— Information provided —
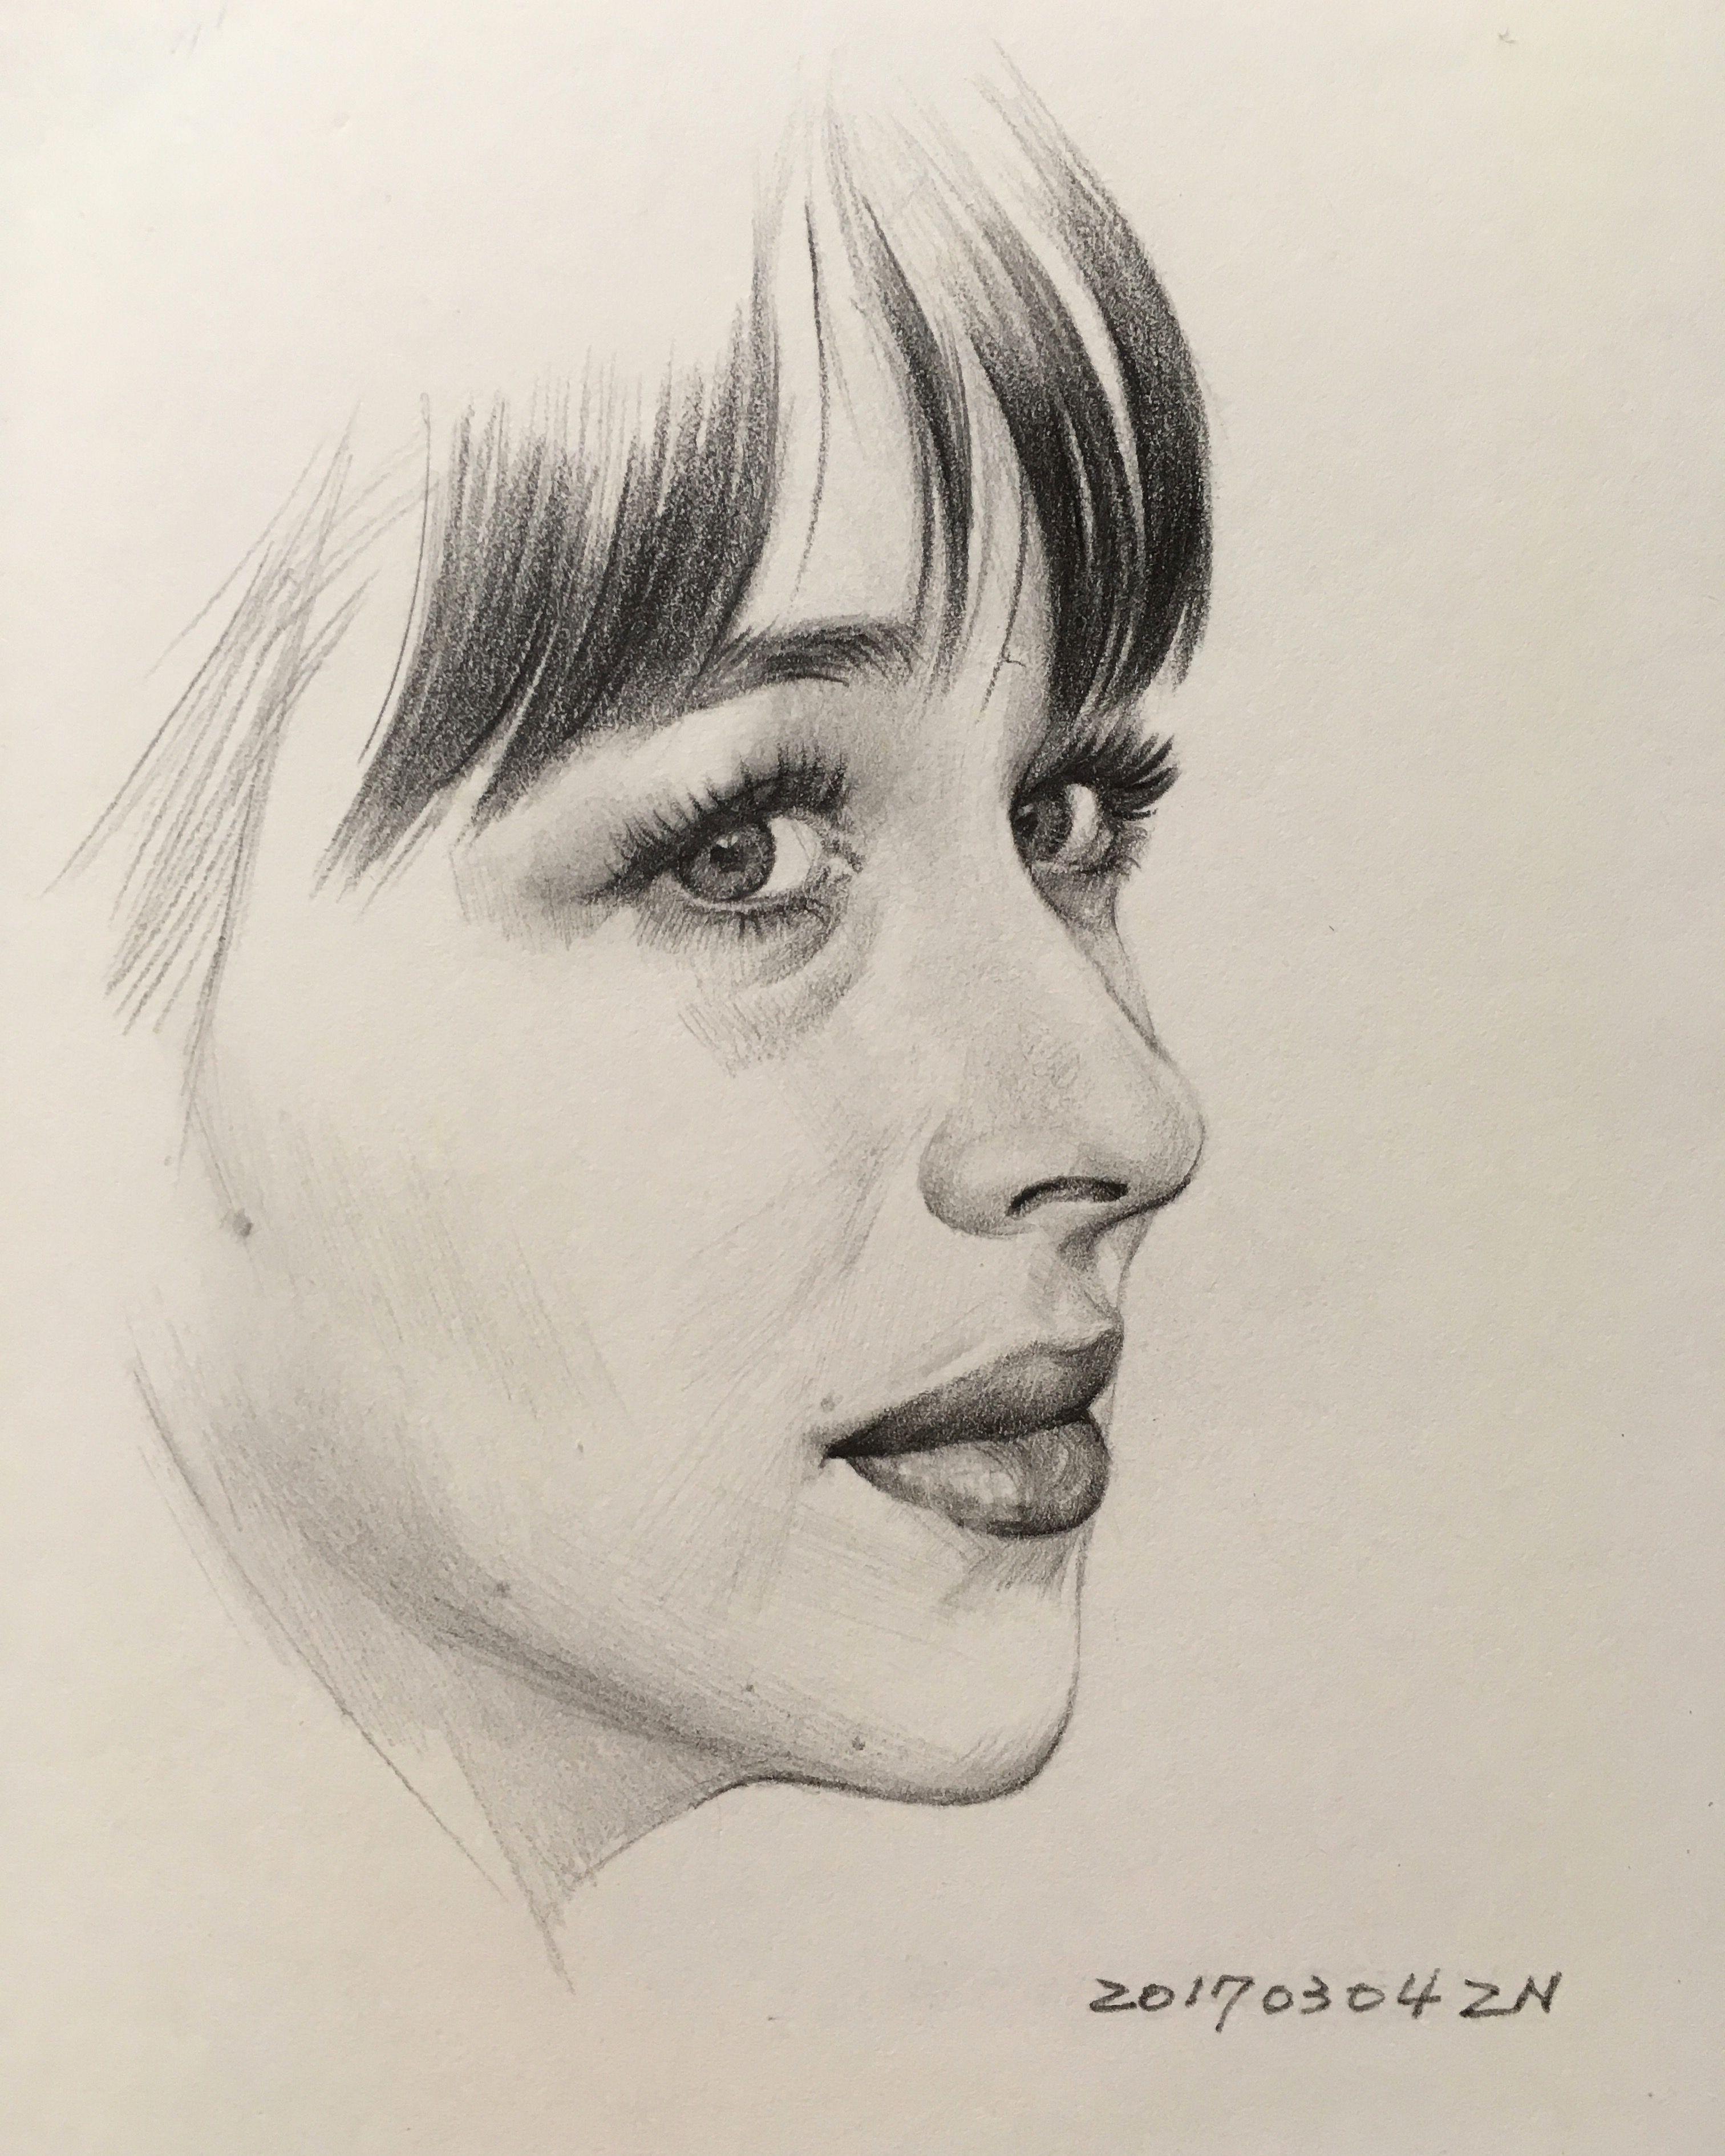 Dakota johnson pencil drawing by zahn k
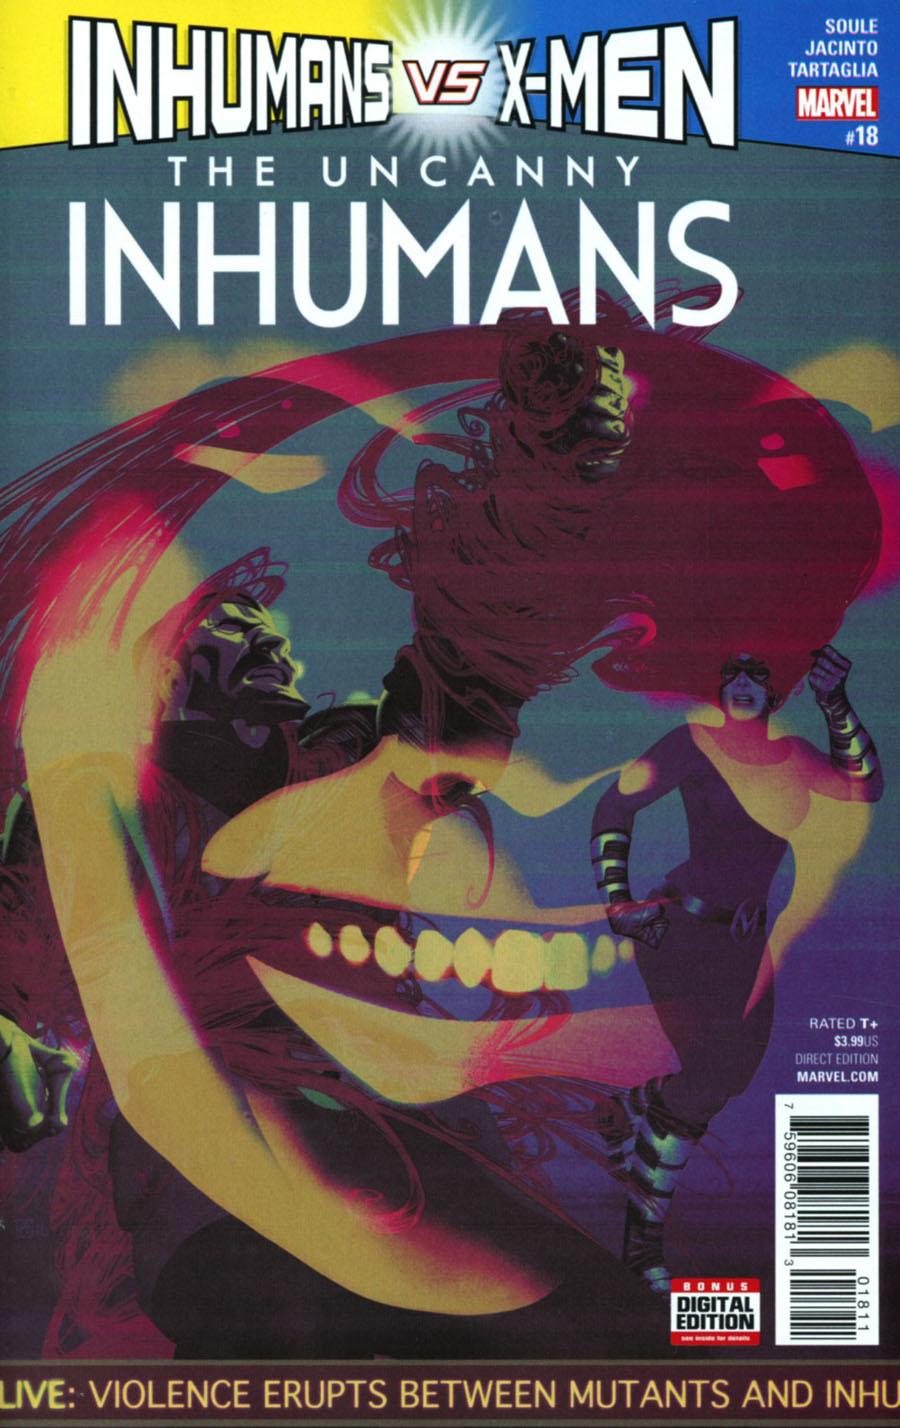 Uncanny Inhumans #18 Cover A Regular Frazer Irving Cover (Inhumans vs X-Men Tie-In)
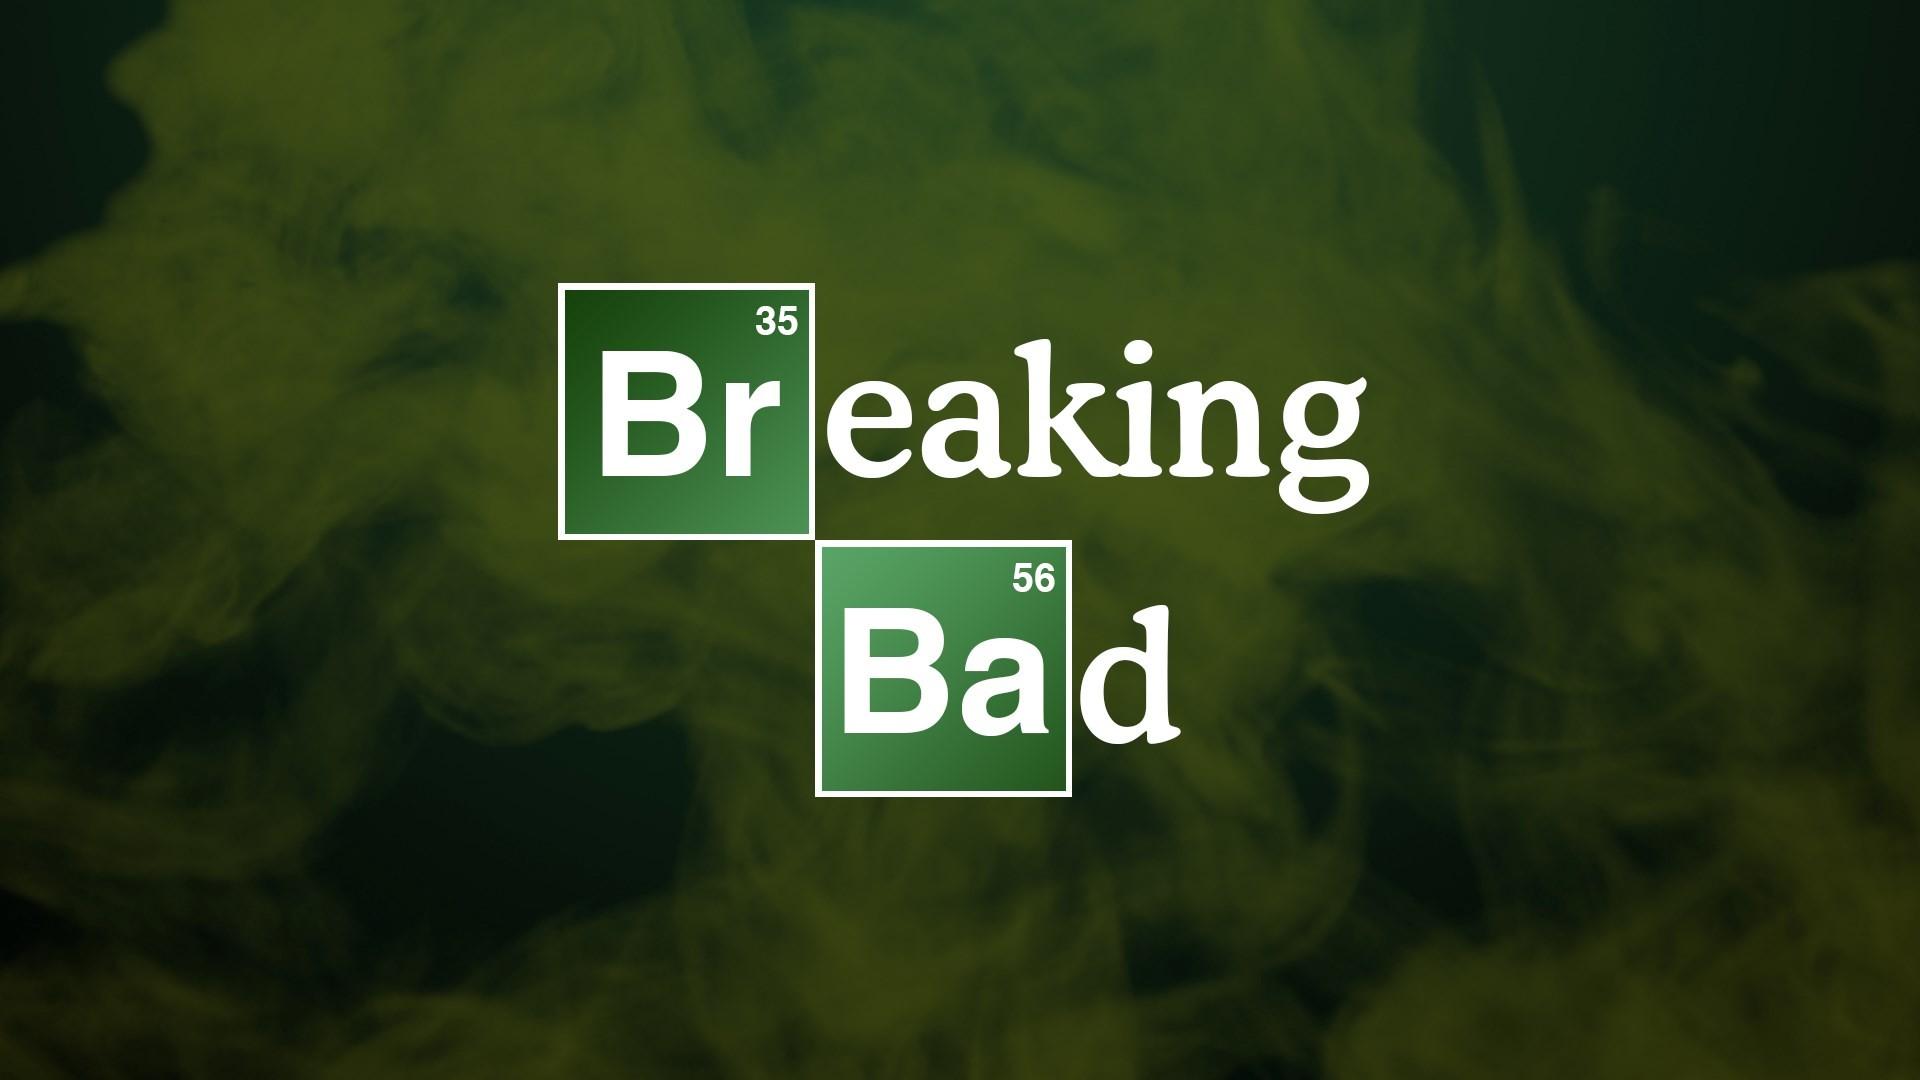 Prison Break Hd Wallpapers Download Breaking Bad Wallpaper 76 Images

— Task details —
Beginning at the line that contains "Uncanny Inhumans #18", transcribe it and every later line through the last line of the data above, exactly, and drop the pictures.

— Result —
 Uncanny Inhumans #18 Cover A Regular Frazer Irving Cover (Inhumans vs X-Men Tie-In)
 Prison Break Hd Wallpapers Download Breaking Bad Wallpaper 76 Images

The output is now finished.